Even if Treasury grants an extension, it’s unclear whether RiverStreet or another provider could finish the work, said Steve Terry, who chaired Patrick County’s broadband committee for six years. The county disbanded the committee in January 2025, after the projects were funded, contracts were signed and apparent progress was made.
But Terry and other committee members continued to track progress, and as the federal deadline approached, he became worried about the county losing previously granted money. For example, the VATI dashboard shows that the 2023 RiverStreet/West Piedmont project had spent 8.5% of the $8 million government money the contract calls for, and 0.3% of the match funding, with 80% of the contract’s timeline expired as of May 13.
“The community stands to lose a lot,” Terry told the supervisors.

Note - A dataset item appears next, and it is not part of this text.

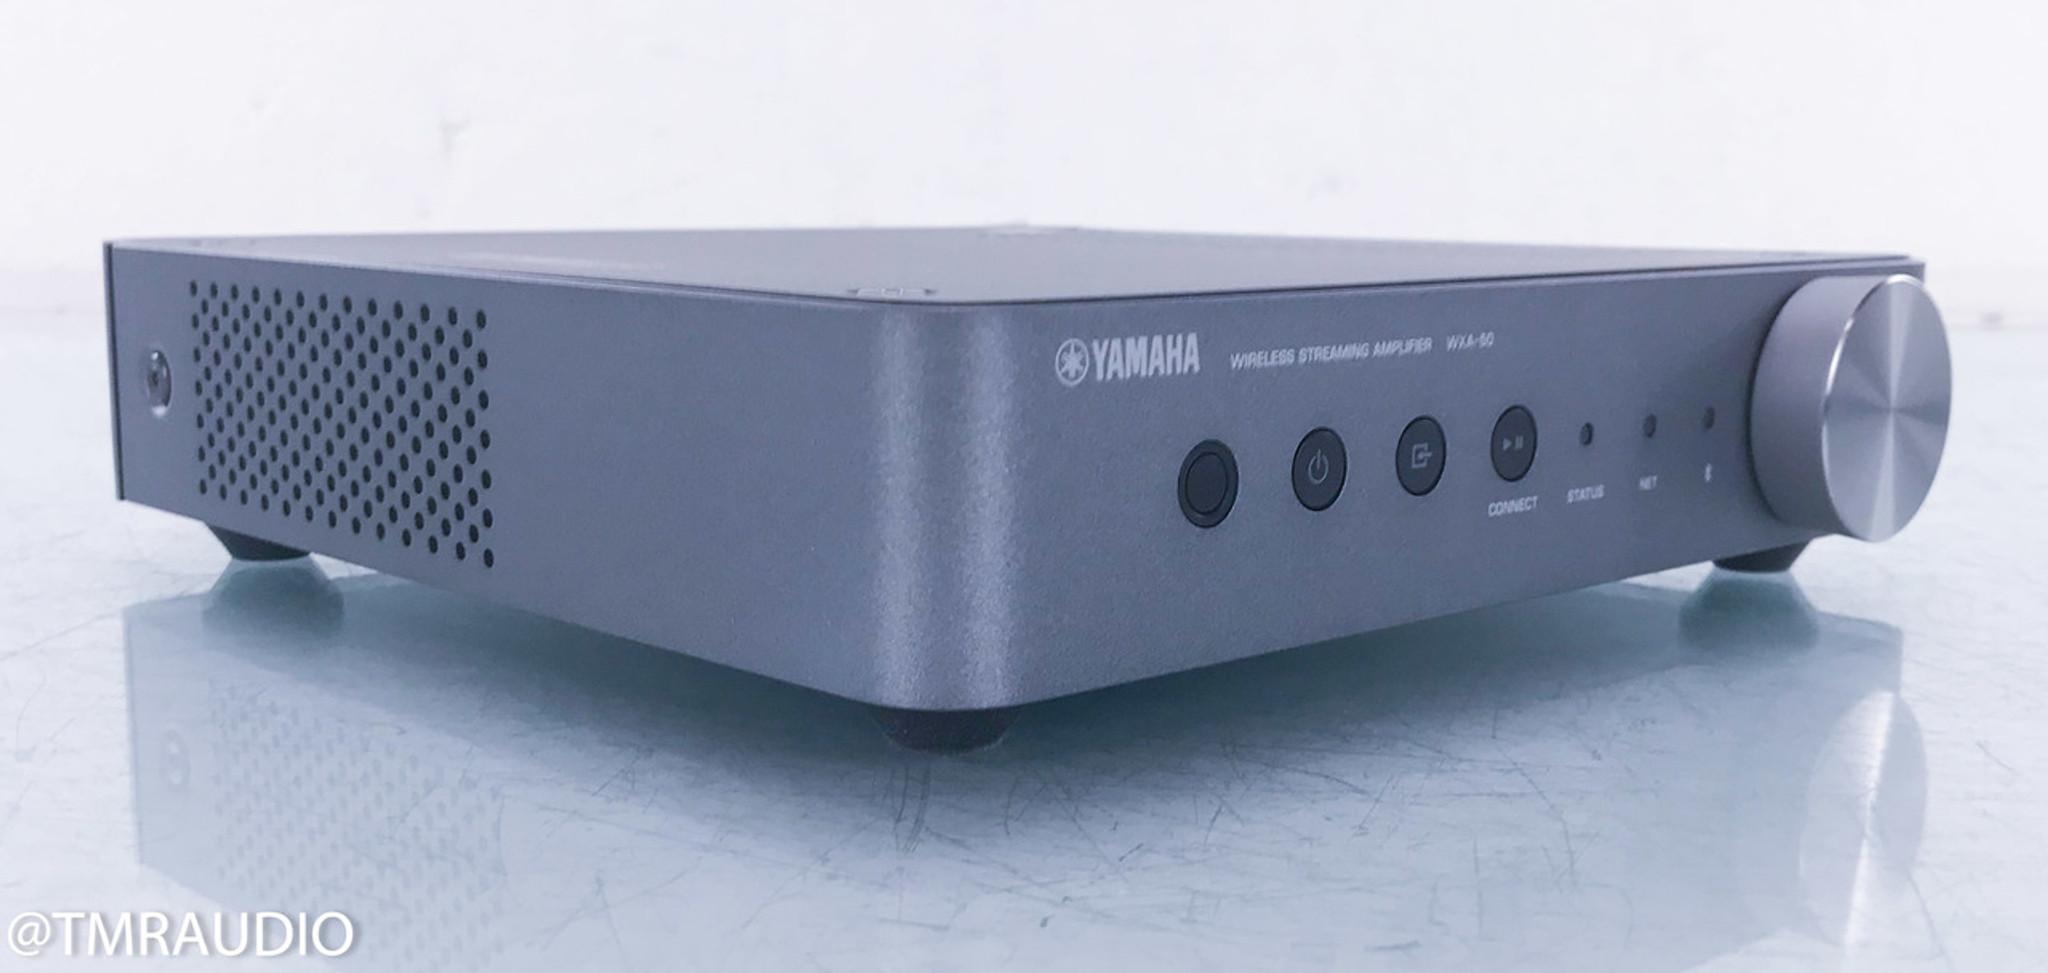 Yamaha Wxa 50 Stereo Integrated Amplifier Streamer Wi Fi Bluetooth Remote

Terry worked to organize the May 26 meeting, called to address the lack of progress. During the meeting’s public hearing portion, Terry said that he did not want to disparage RiverStreet Networks, which had been cooperative over the years with his committee and which has spent a fair amount of its own money on the project. But he was concerned about both deadline and funding issues.
He told the board that he wondered if the West Piedmont Planning District Commission should be spending some time to get new contracts in place for a possible switch to another provider. The best case scenario includes work on a section of U.S. 58, which will require pole relocation, he said.
“Hopefully they’ll get their ducks in a row and come on,” Terry said of RiverStreet after the meeting. “I am convinced they want to. … The can-do is what I’m not sure of.”